“I just want to be 25!” I exclaimed while on a date with someone who was 27 him self. I didn’t make that proclamation because I wanted him to like me more and feel as though, despite being seven years his junior, I was still on the same page as him. I made that proclamation because I believe it and stand by it firmly.
At first thought I decided 25 was the prime age, but my date was quick to correct me.
“You want to be 27,” he said firmly and matter-of-factly.
“Explain. Convince me why.” I was curious. What changed within those two years? Why would I be so much better off as a 27 year old compared to a 25 year old? In my mind 25 was the perfect age. You graduated college, you have a job, its fun whether you’re single and going out with friends, or in a relationship and going out with your partner, and you haven’t reached the point where you’re too old and too tired to live life to the fullest.
I imagined myself leaving work and meeting up with friends at a bar, enjoying happy hour cocktails and flirting with other 25 year-olds. I pictured myself living in an awesome apartment in the city, which I decorated with overpriced yet cute home goods from Anthropologie, being self sufficient, and maybe even finally learning how to cook (but probably not because I’d eat out at trendy city restaurants).
Apparently I stood corrected.
“When you’re 25 you have a job, but its not yet a career. You’re young in the workforce so you’re not quite respected and you’re probably still making an entry-level salary, or at best something slightly above it. You’re working your butt off in the office from 7am until 7pm – or longer – so you can be respected and so you can start making more money. It’s only been a year since you stopped being on your parents’ health insurance plan, and you’re still getting used to the swing of things in adulthood.

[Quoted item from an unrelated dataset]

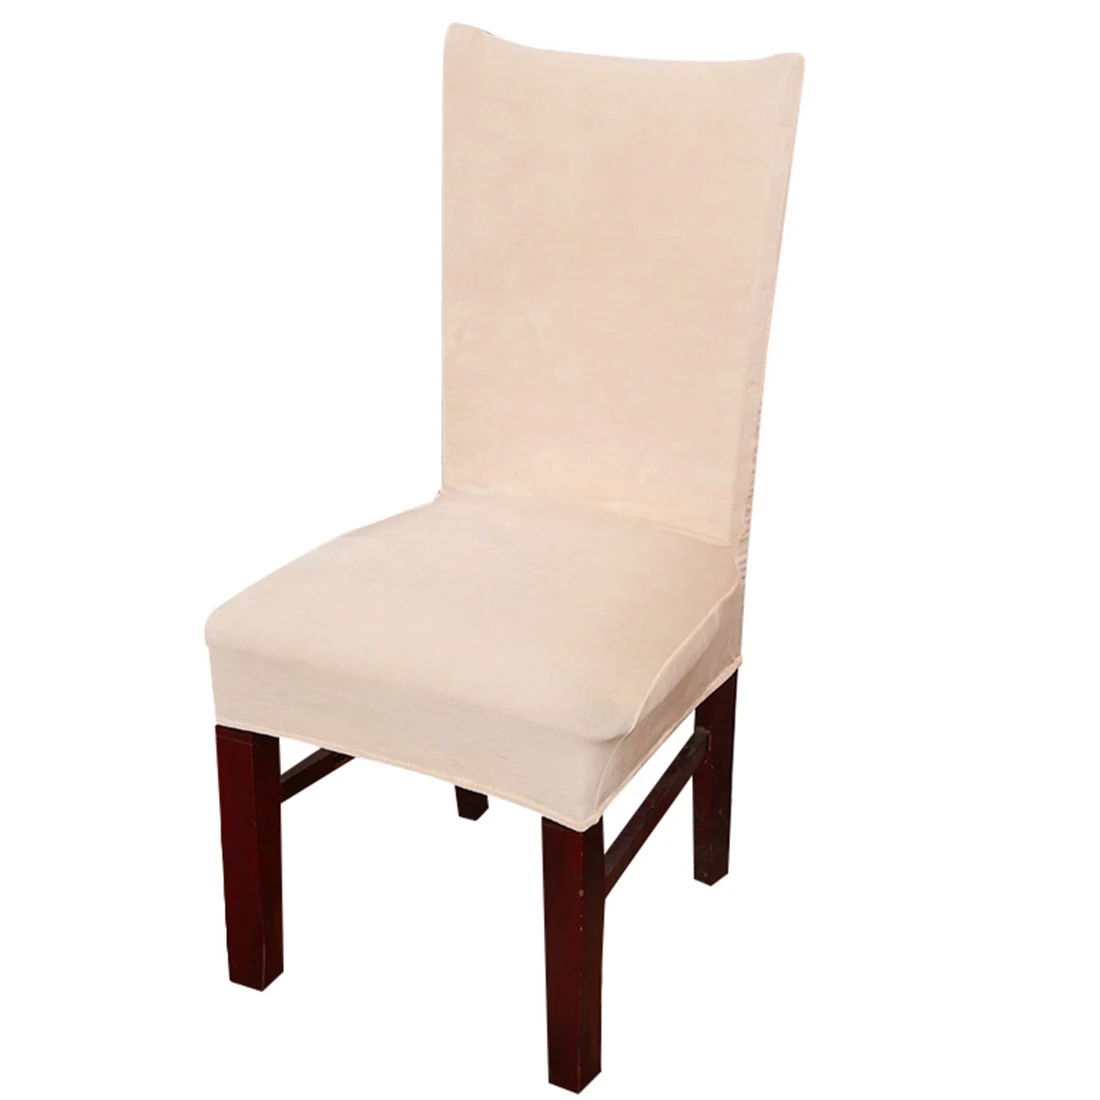 2 шт./лот чехлы на кресла стрейч для столовой протектор утолщенный съемный чехол для стула чехол для сиденья для дома Свадебные товары для стула - Цвет: Style 11

The haze of 21, 22, 23, 24 year-old post-grad life is over, and you’re still adjusting your lenses as you’re introduced to the real world.”
Without giving me a chance to take it all in he continued.
“But when you’re 27 or 28, you’re still in your 20s, and you’re still young enough to have all the fun you did when you were 25, instead you have more money to do it. You’ve finally gotten the hang of adulthood—at least you should have by then. You’ve moved up in your company, your career is finally kick-started, no, your life is fully kick-started. Trust me, you want to be 27.”
And there it was: the supposed perfect image of life.
We continued chatting over our chef’s tasting meal at a new restaurant on 13th street in Center City called The Double Knot, but I was paying less attention to his story about his “college buddies” and was still internally contemplating all he had said about age. Twenty-seven wasn’t my idea of the perfect age, it was my date’s. Perhaps he’s biased because he’s currently living a fantastic life as a 27 year-old, or perhaps he had a bad experience as a 25 year old.
Today, as I sit outside on my back porch I couldn’t help but feel overcome with an overwhelming sense of adulthood, and an overwhelming sense that perhaps I was rushing its presence.
Twenty-five was one thing. It didn’t seem too old, too unattainable. But 27. Twenty-eight. Those two ages sounded frightening. They didn’t match the dream, the perfect image of a life I had created for myself. Twenty-seven and 28 seemed too far off in the distance, too unreachable. Twenty-five was perfect for me. Perhaps I wouldn’t be making the money I would at 27 or 28, and maybe I’d still be getting used to the whole “adulting” thing, but being 25 would mean I still had the inner child in me. Twenty-five would mean I would still be able to hold onto the days, like today, where I am sitting on my back porch, drinking a beer while writing.
Then it hit me. I need to hold onto these days. The days of a 19 (soon to be 20) year old, spent sitting on the back porch of my college house, writing about anything and everything because I can, because I want to, and because I didn’t have work that day, and drinking a Stella Artois, which I was somehow able to buy a six-pack of without being carded.